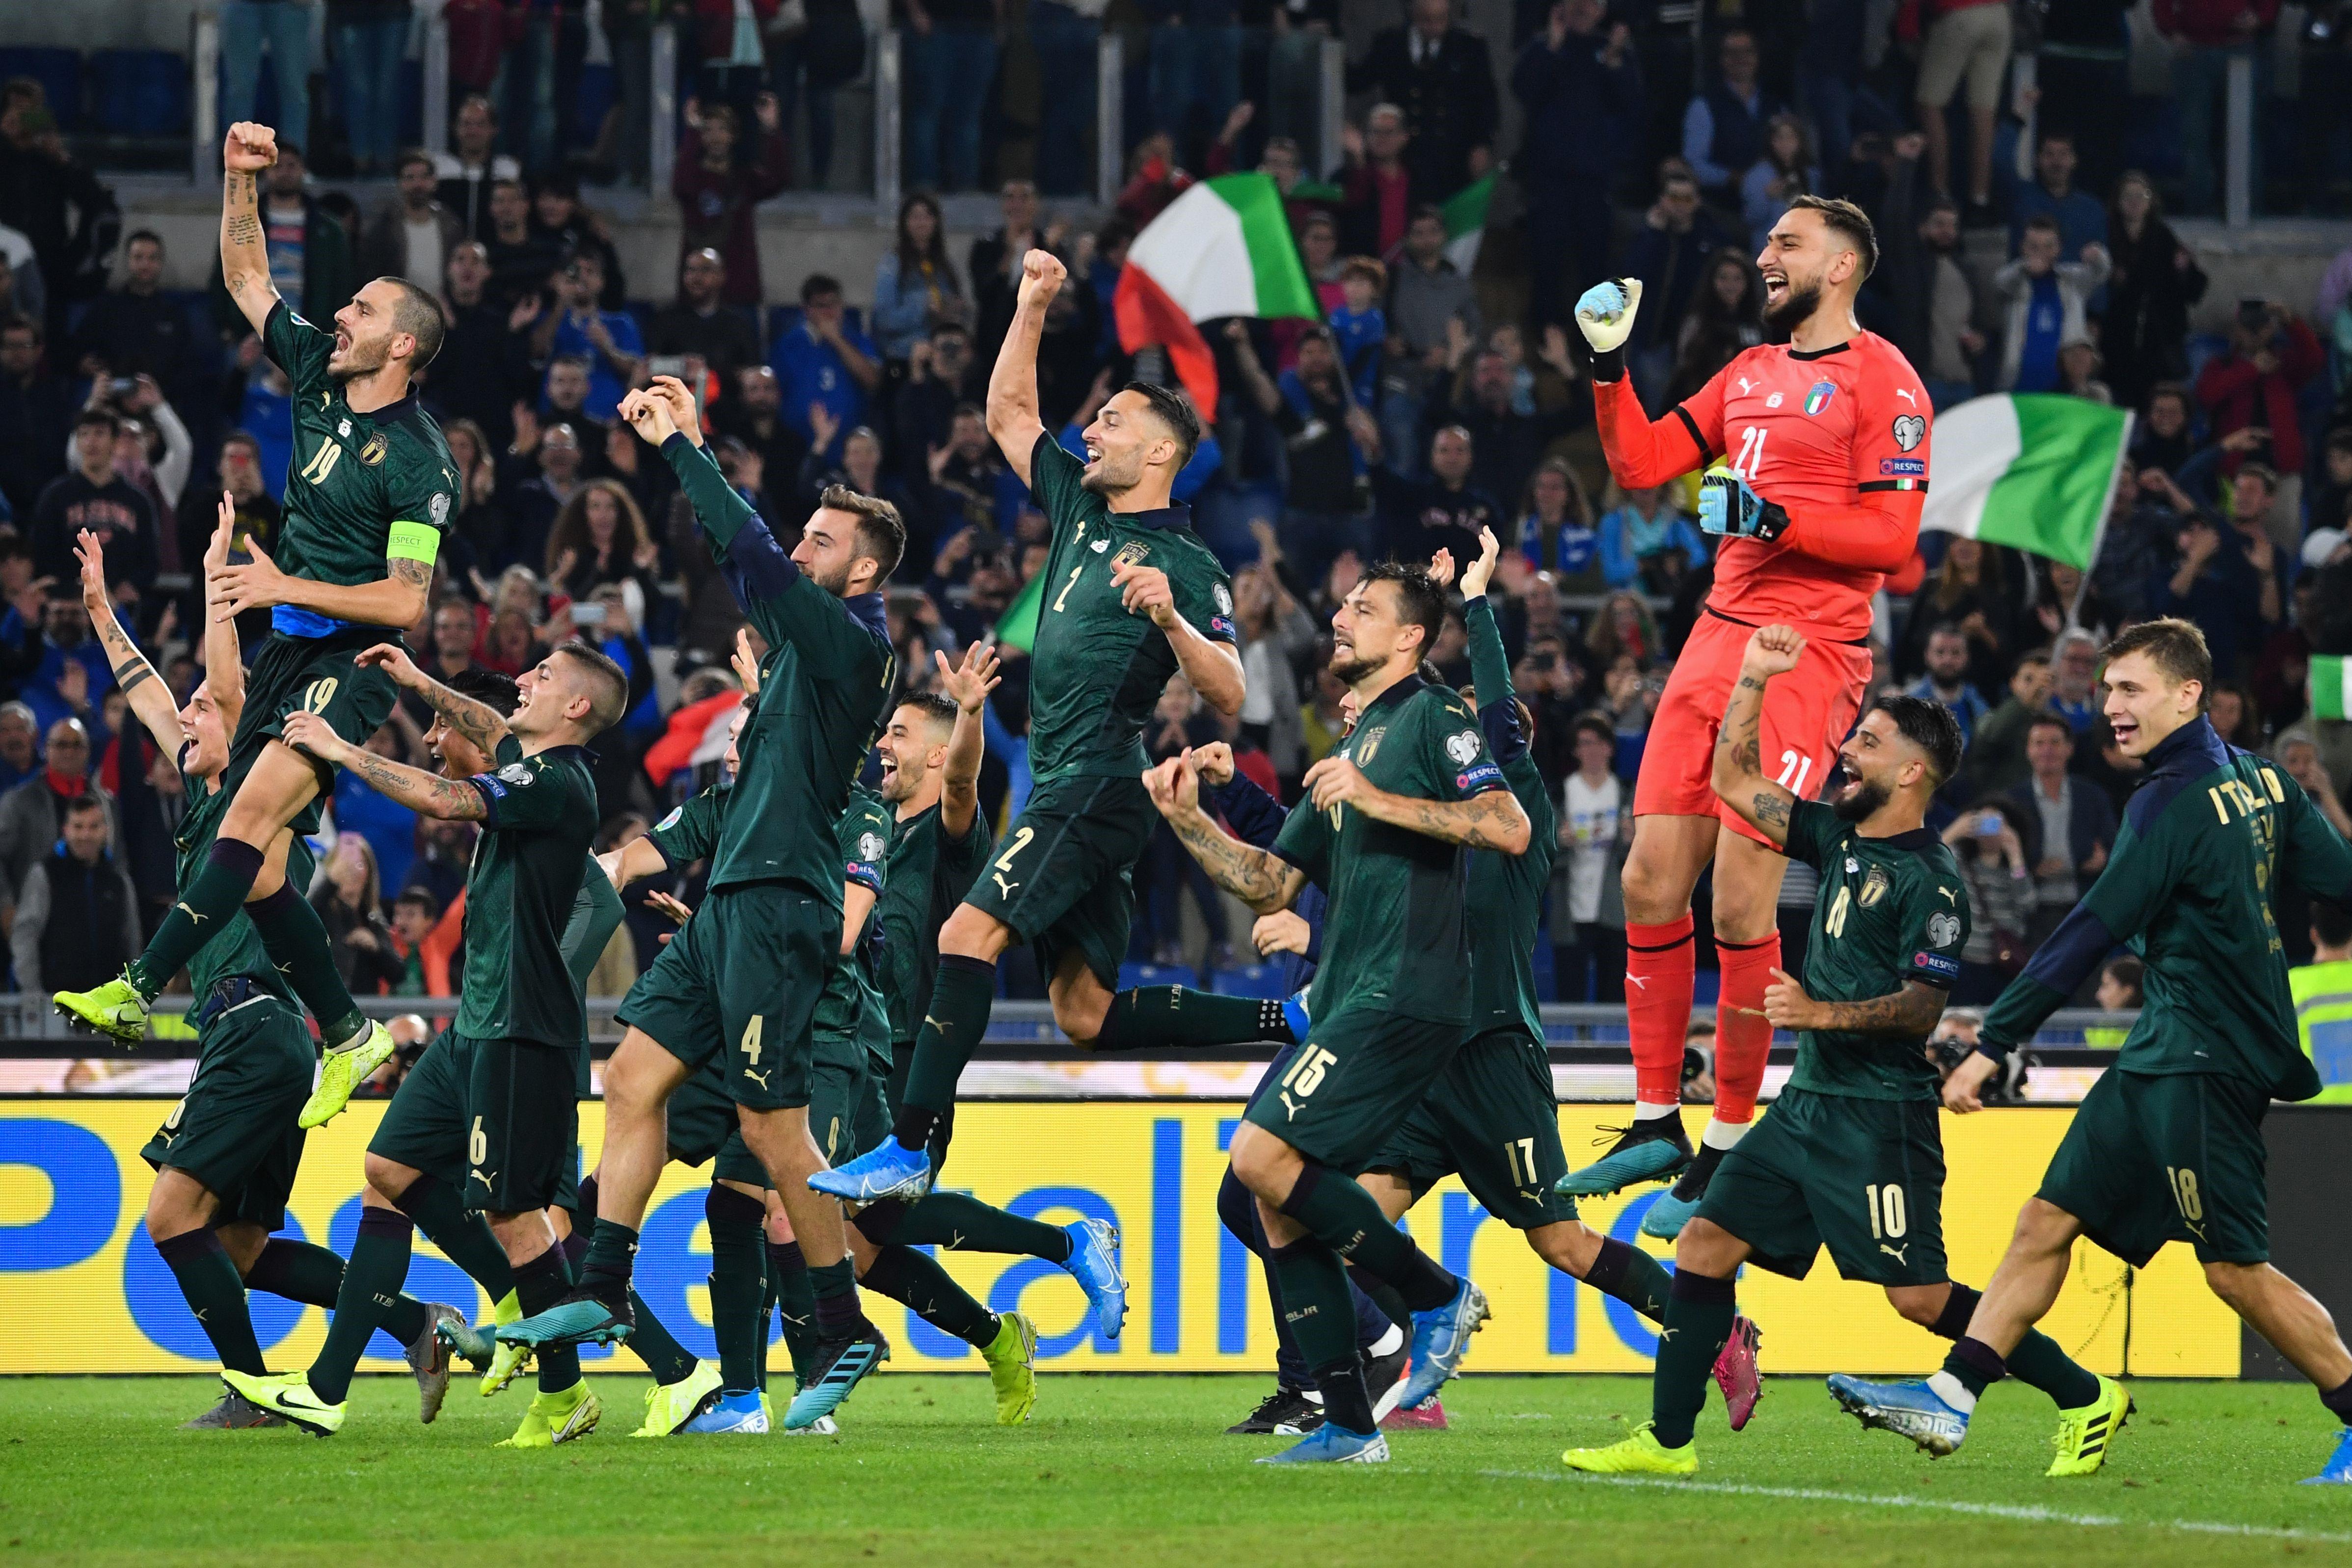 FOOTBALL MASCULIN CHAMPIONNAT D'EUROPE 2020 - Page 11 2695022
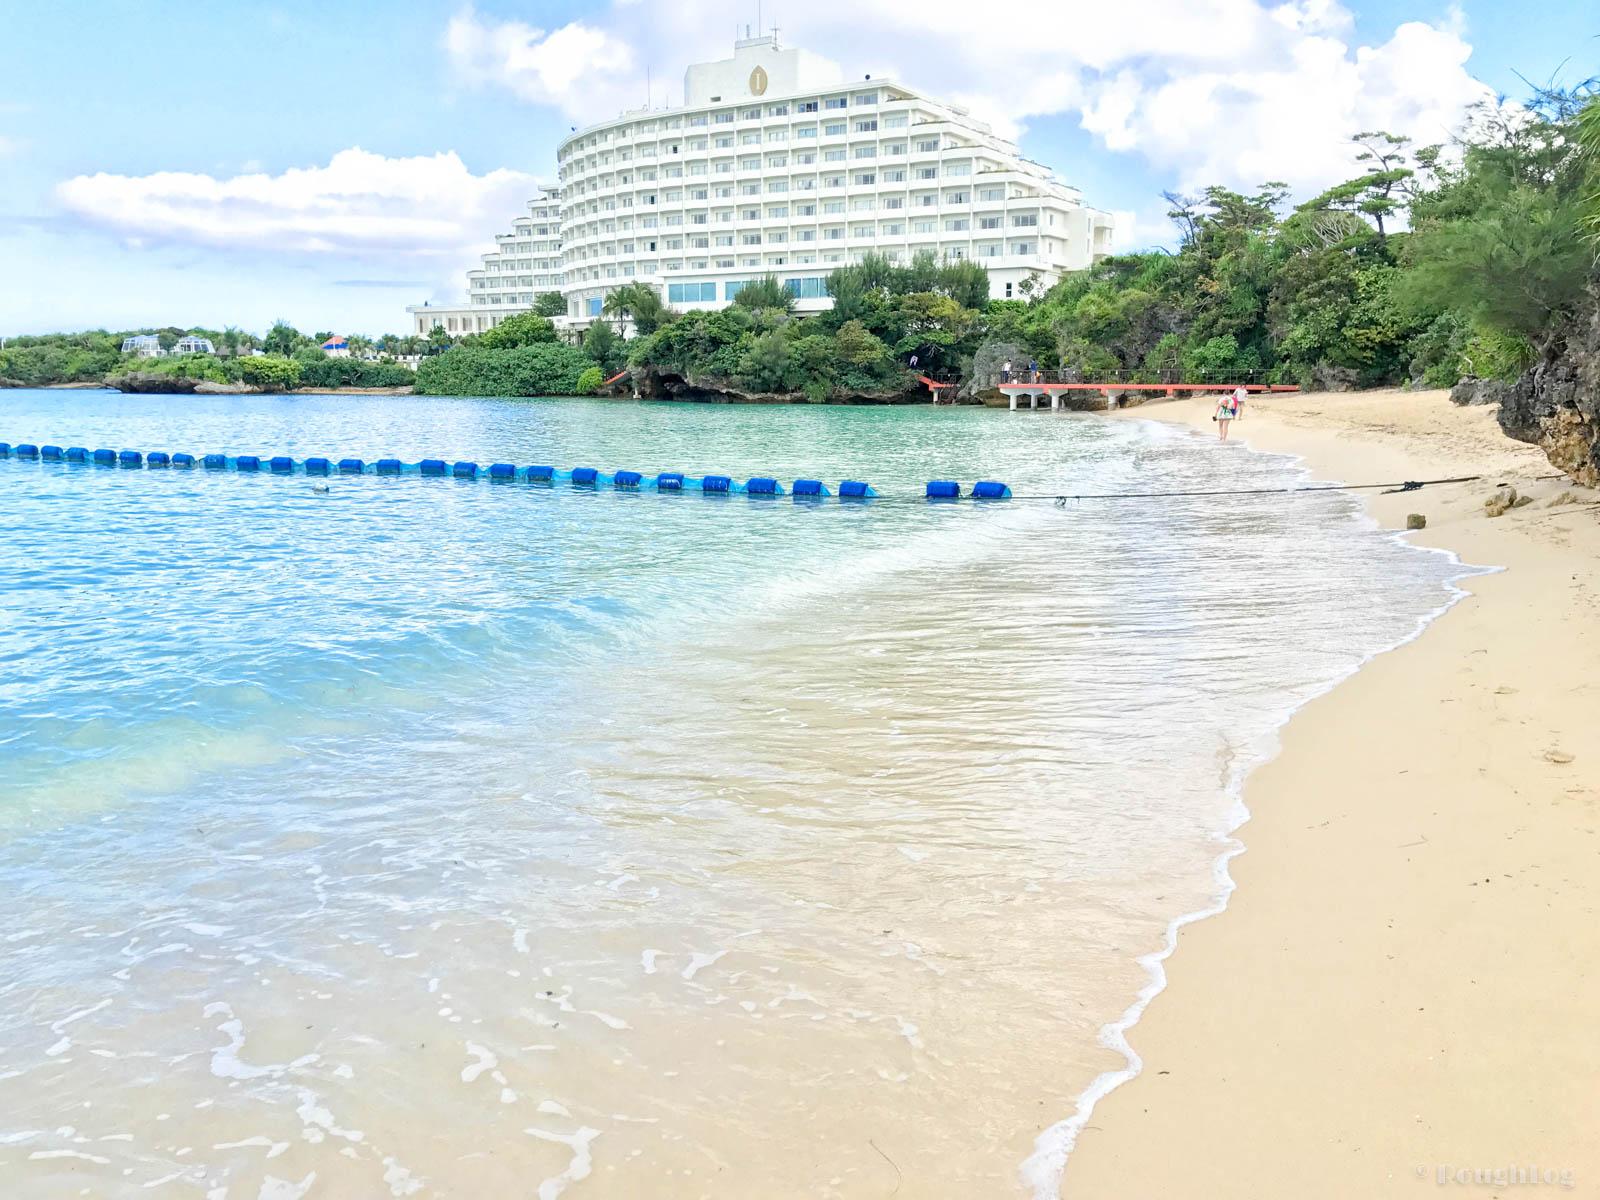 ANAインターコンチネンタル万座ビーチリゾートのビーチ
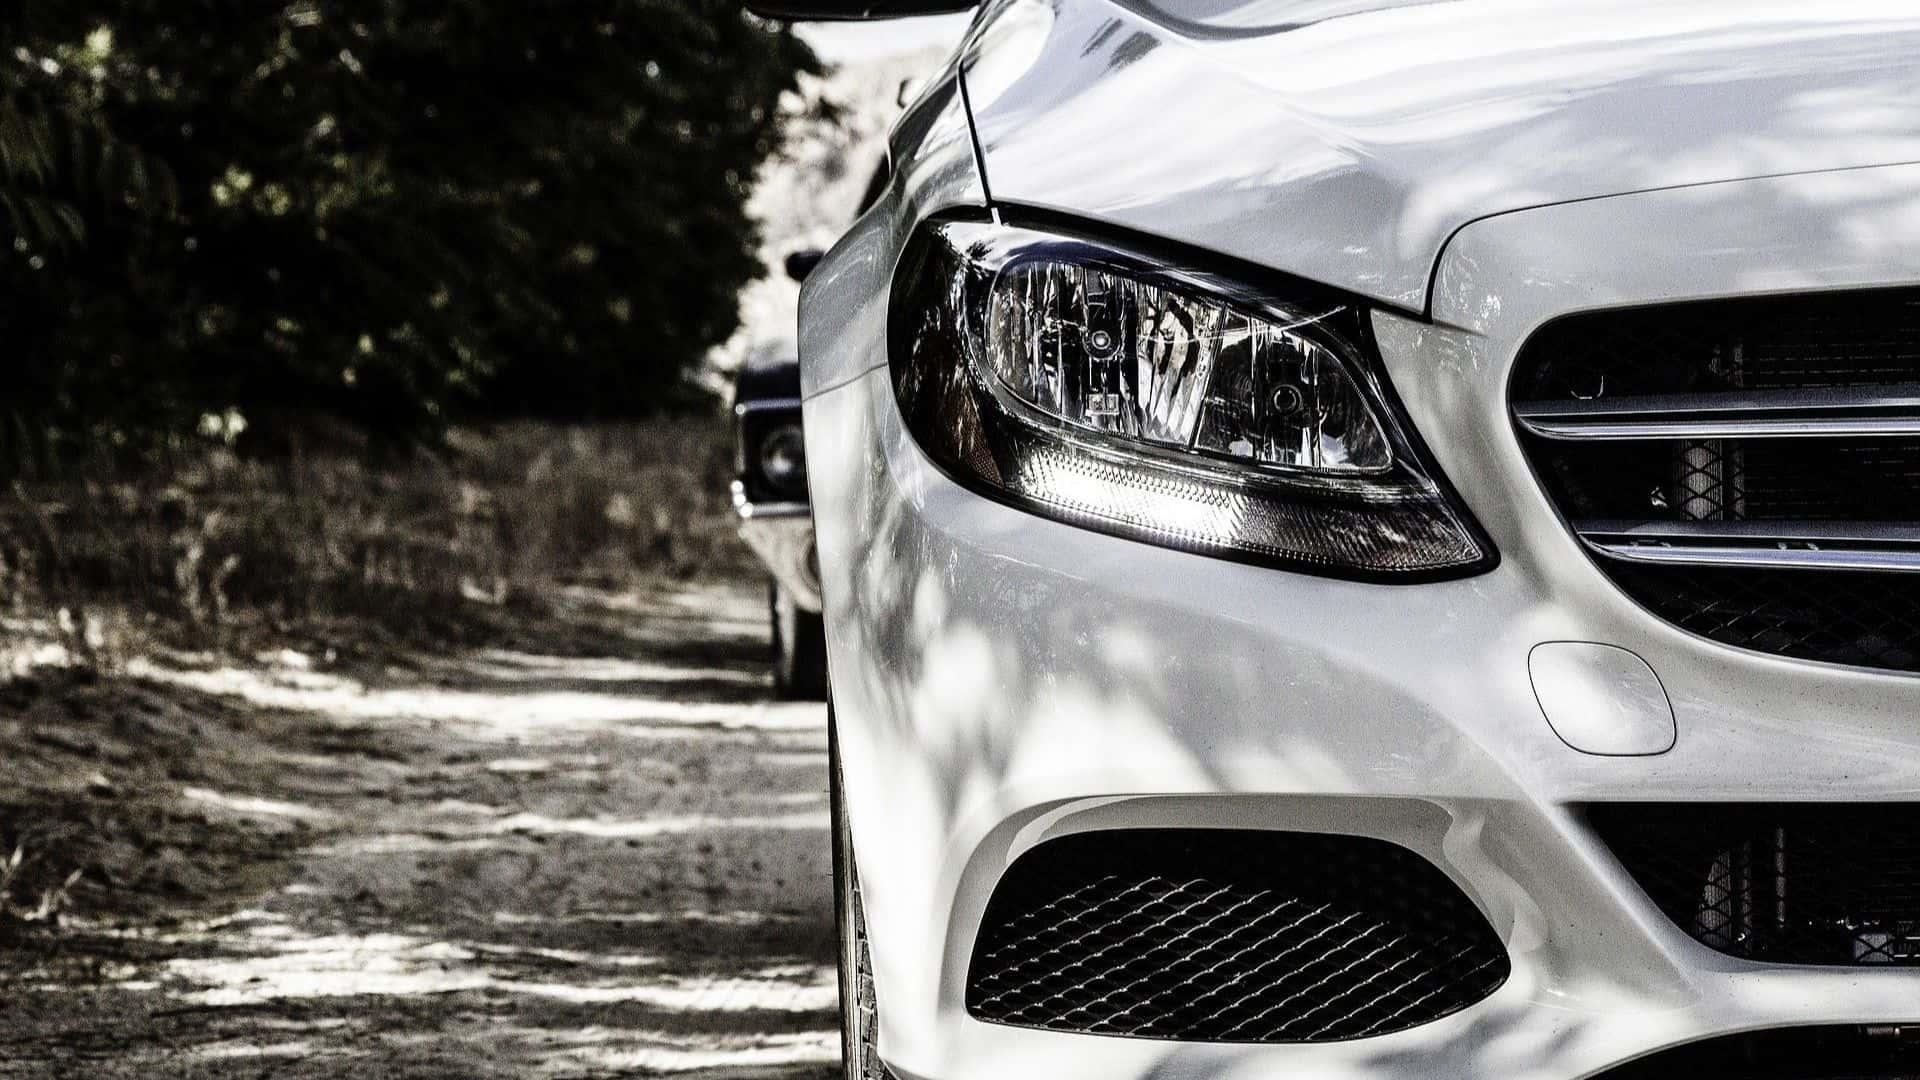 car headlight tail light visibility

Task goal: In the data above, find the line containing "ANAインターコンチネンタル万座ビーチリゾートのビーチ", then output it and every later line exactly, without the pictures.

Task solution:
 ANAインターコンチネンタル万座ビーチリゾートのビーチ
 car headlight tail light visibility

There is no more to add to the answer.